By Kuda Chideme, HARARE July 20 (The Source) – Zimbabwe’s state run logistics firm, Courier Connect says it urgently requires capital injection of up to $3,8 million to stay afloat but is failing to attract external sources of finance owing to a weak balance sheet as it does not own any immovable property.
Courier Connect, a former Zimpost subsidiary before it was weaned off in 2008, says it has a 15 percent share in the market dominated by international firms such as DHL and FedEx, but faces closure after its operating licence expired at the weekend.
Managing director Isaac Muchokumuri told a parliamentary committee on ICT and Postal and Courier Services on Monday that the company was hard pressed for working capital and risked losing its operating license as it was failing to pay the fee of $57,000.
“The current license expired on 18 July, 2015, and we may be forced to cease operations by the regulator as we are failing to raise the required licence fee,” said Muchokumuri.
“There is need for massive investment of about $3,860 million for the company to compete effectively with well established world class commercial courier operators licensed in Zimbabwe.”

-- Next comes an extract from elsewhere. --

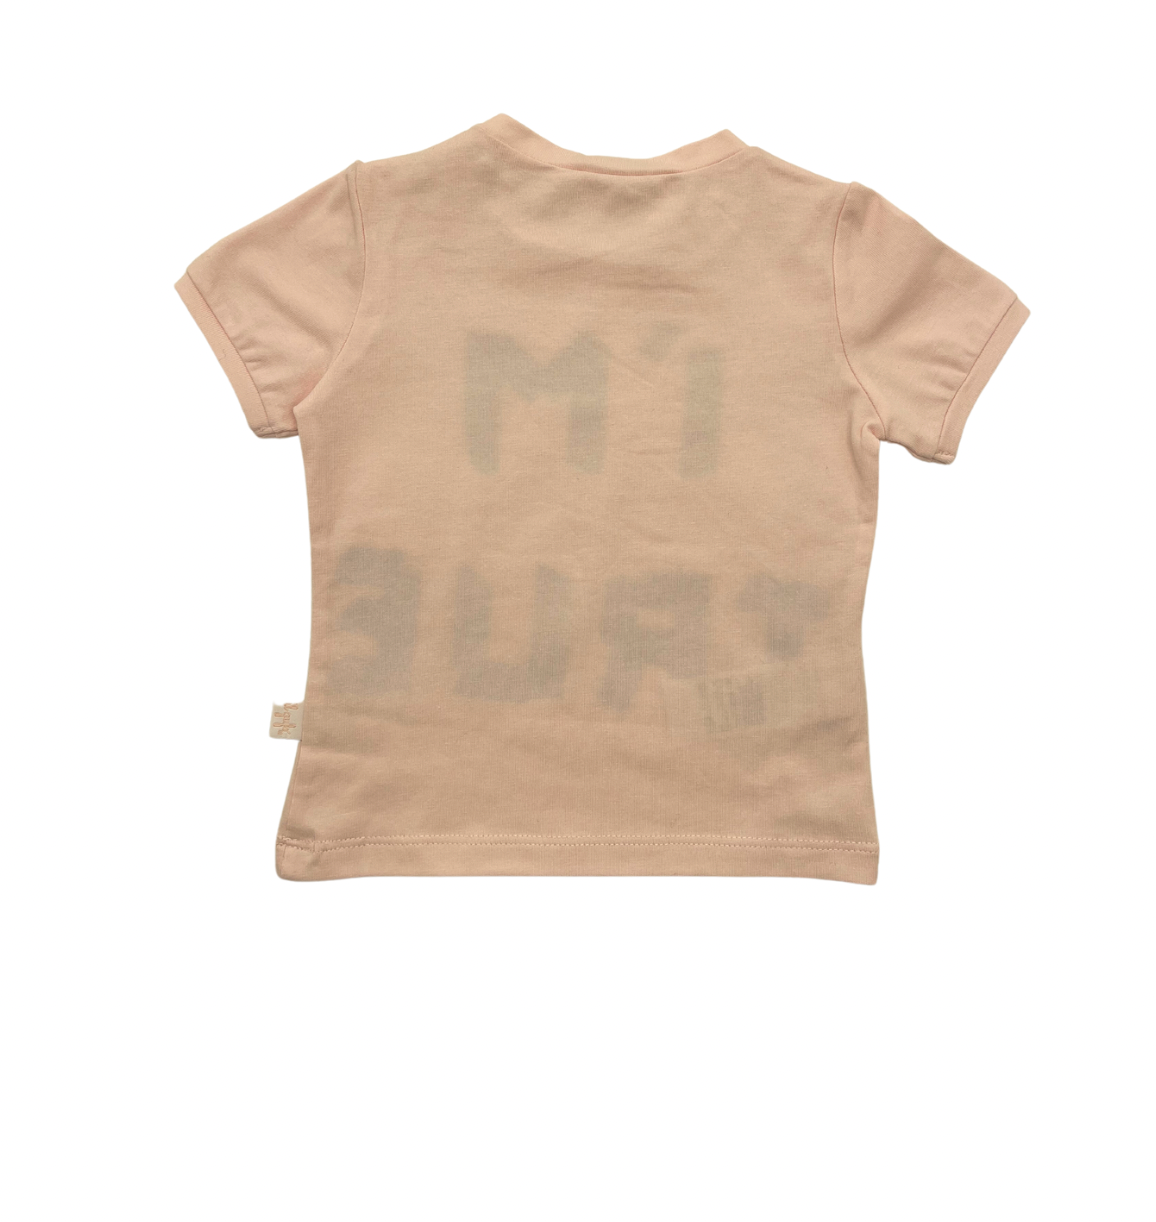 IL GUFO - "I'm true" T-shirt - 6 months

Muchokumuri said the company requires $400,000 for working capital and to pay off accumulated statutory debts to the National Social Security Authority (NSSA), Zimbabwe Revenue Authority and the Zimbabwe Manpower Development Fund (ZIMDEF).
As at December last year, the company’s debts amounted to $871,000 with 67 percent of the debts owed to statutory bodies.
Last year, Courier Connect had its bank accounts garnished several times by ZIMRA and NSSA, Muchokumuri said.